Wilderness groups were joined by hunting and fishing guides who say Interior Secretary Ken Salazar has been right to take a "cautious" approach to energy development on public lands, despite criticism by the oil and gas industry and some Utah politicians.
In a Wednesday teleconference, representatives from The Wilderness Society and the National Wildlife Federation defended Salazar's decision earlier this year to pull 77 oil and gas leases that had been offered at a controversial Bureau of Land Management auction in December 2008.
"The review by the BLM staff of the flawed Utah leases offers a lot of good ideas for moving forward," said Ann Morgan, The Wilderness Society's vice president for public lands and a former BLM state director in Colorado and Nevada.
"It is the right time for the Interior Department to step back," she said, adding that "the public should expect a new interior secretary would examine how business is being done."
Morgan and other teleconference participants stressed that they are not opposed to energy development, but feel oil and gas producers were granted inordinate access and little oversight during the Bush administration.
"It is the BLM who are the stewards of our natural resources, not the oil and gas industry, who should decide when, where and how development occurs," Morgan said.
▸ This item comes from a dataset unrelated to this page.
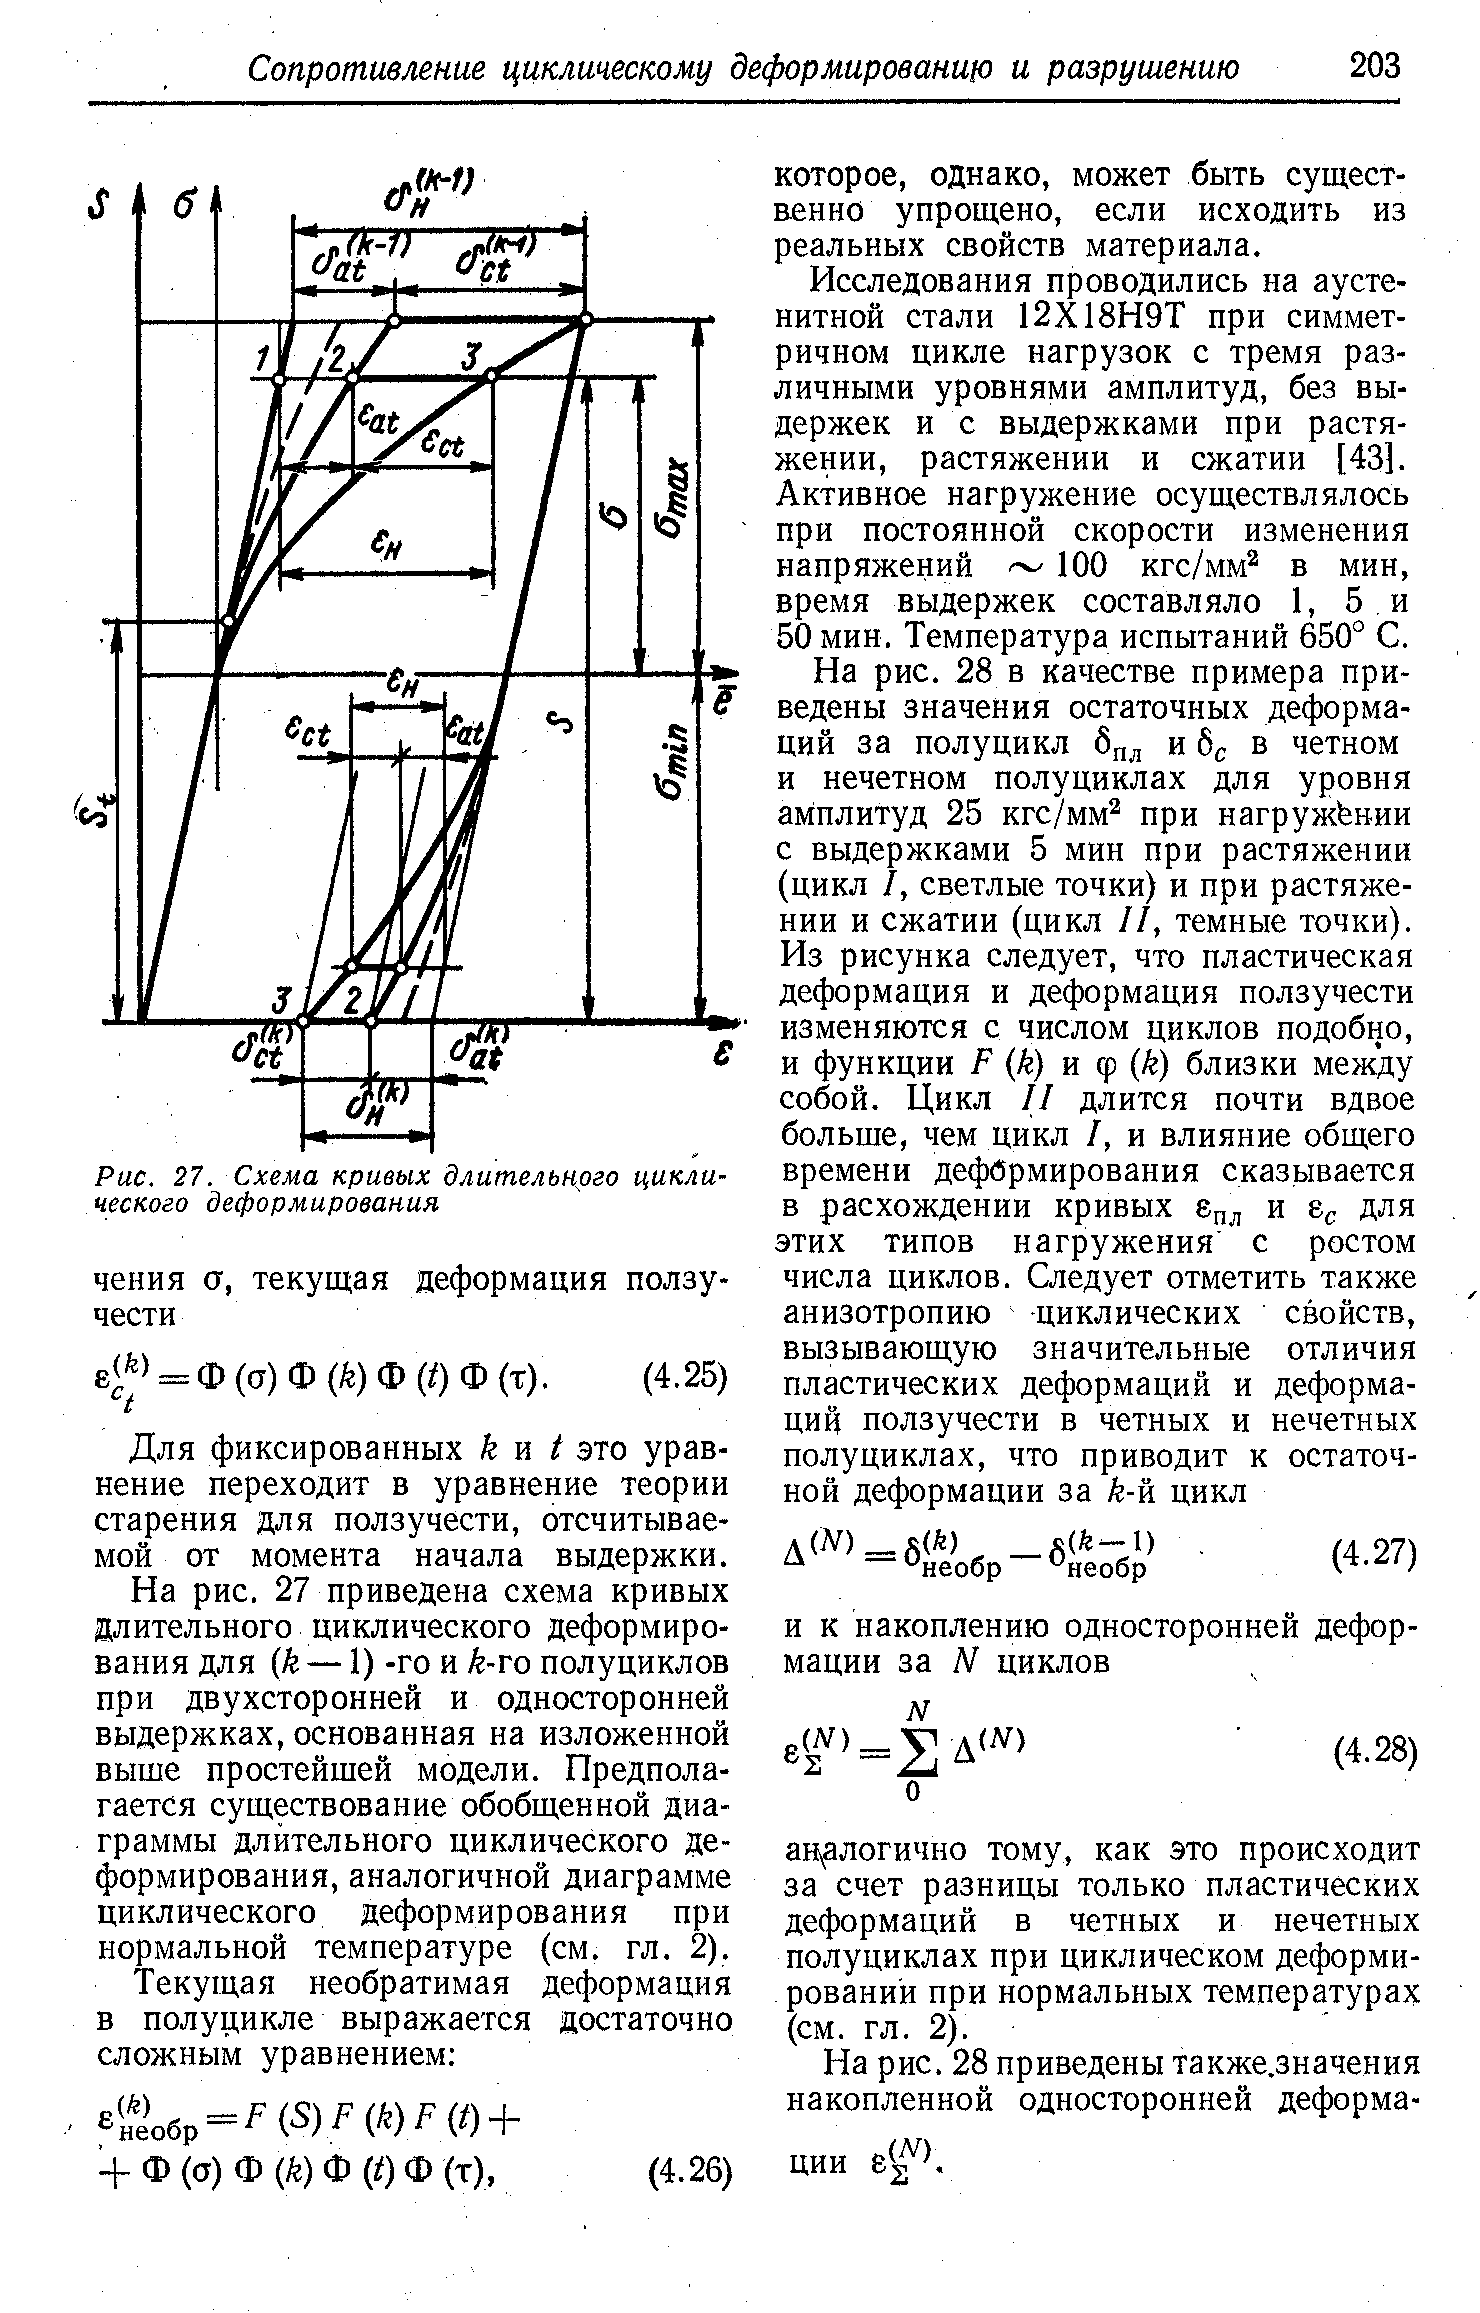 Рис. 27. Схема кривых длительного циклического деформирования
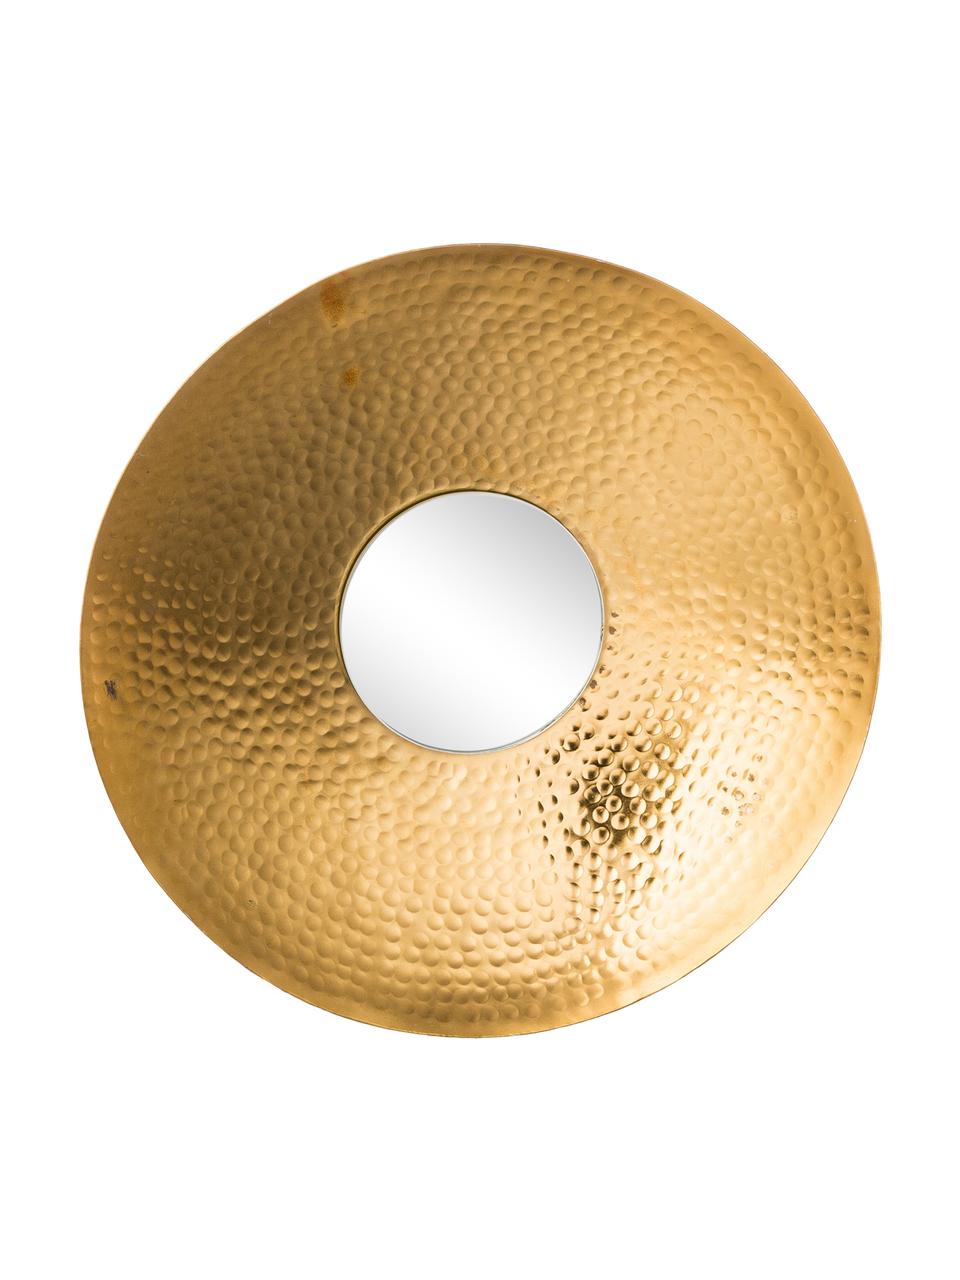 Rundes Wandspiegel-Set Eyes mit goldenem Aluminiumrahmen, 3-tlg, Rahmen: Aluminium, gehämmert und , Spiegelfläche: Spiegelglas, Goldfarben, Set mit verschiedenen Größen

Industry indignation and politically conservative furor erupted after Salazar announced in February he was pulling back 77 parcels of oil and gas leases that had been proffered, bid on and won at a Salt Lake BLM auction.
Saying that many of them were located on the doorsteps of "iconic" Western treasures and national parks, Salazar yanked the parcels and said an on-the-ground team would then determine their suitability for resource development.
In October, Salazar announced that eight of the parcels were not suited for oil and gas development, 17 were appropriate and 52 would remain on hold pending additional review.
John Gale, a sportsman and National Wildlife Federation representative, said such scrutiny is warranted given the potential threats to prime hunting and fishing grounds by pell-mell exploration.
Additional land offered for development should be done at a slow, cautious pace, especially since so much land bid on and won by would-be oil and gas developers remains untouched, he said.
"I don't know where they grew up, but you don't ask for a second helping if you have not touched what is on your plate already," Gale said.
The teleconference was organized in response to recent criticisms launched by the oil and gas industry, which has said Salazar's decision to yank the leases turned seven years of review on its head and ignored land management decisions by his own staff.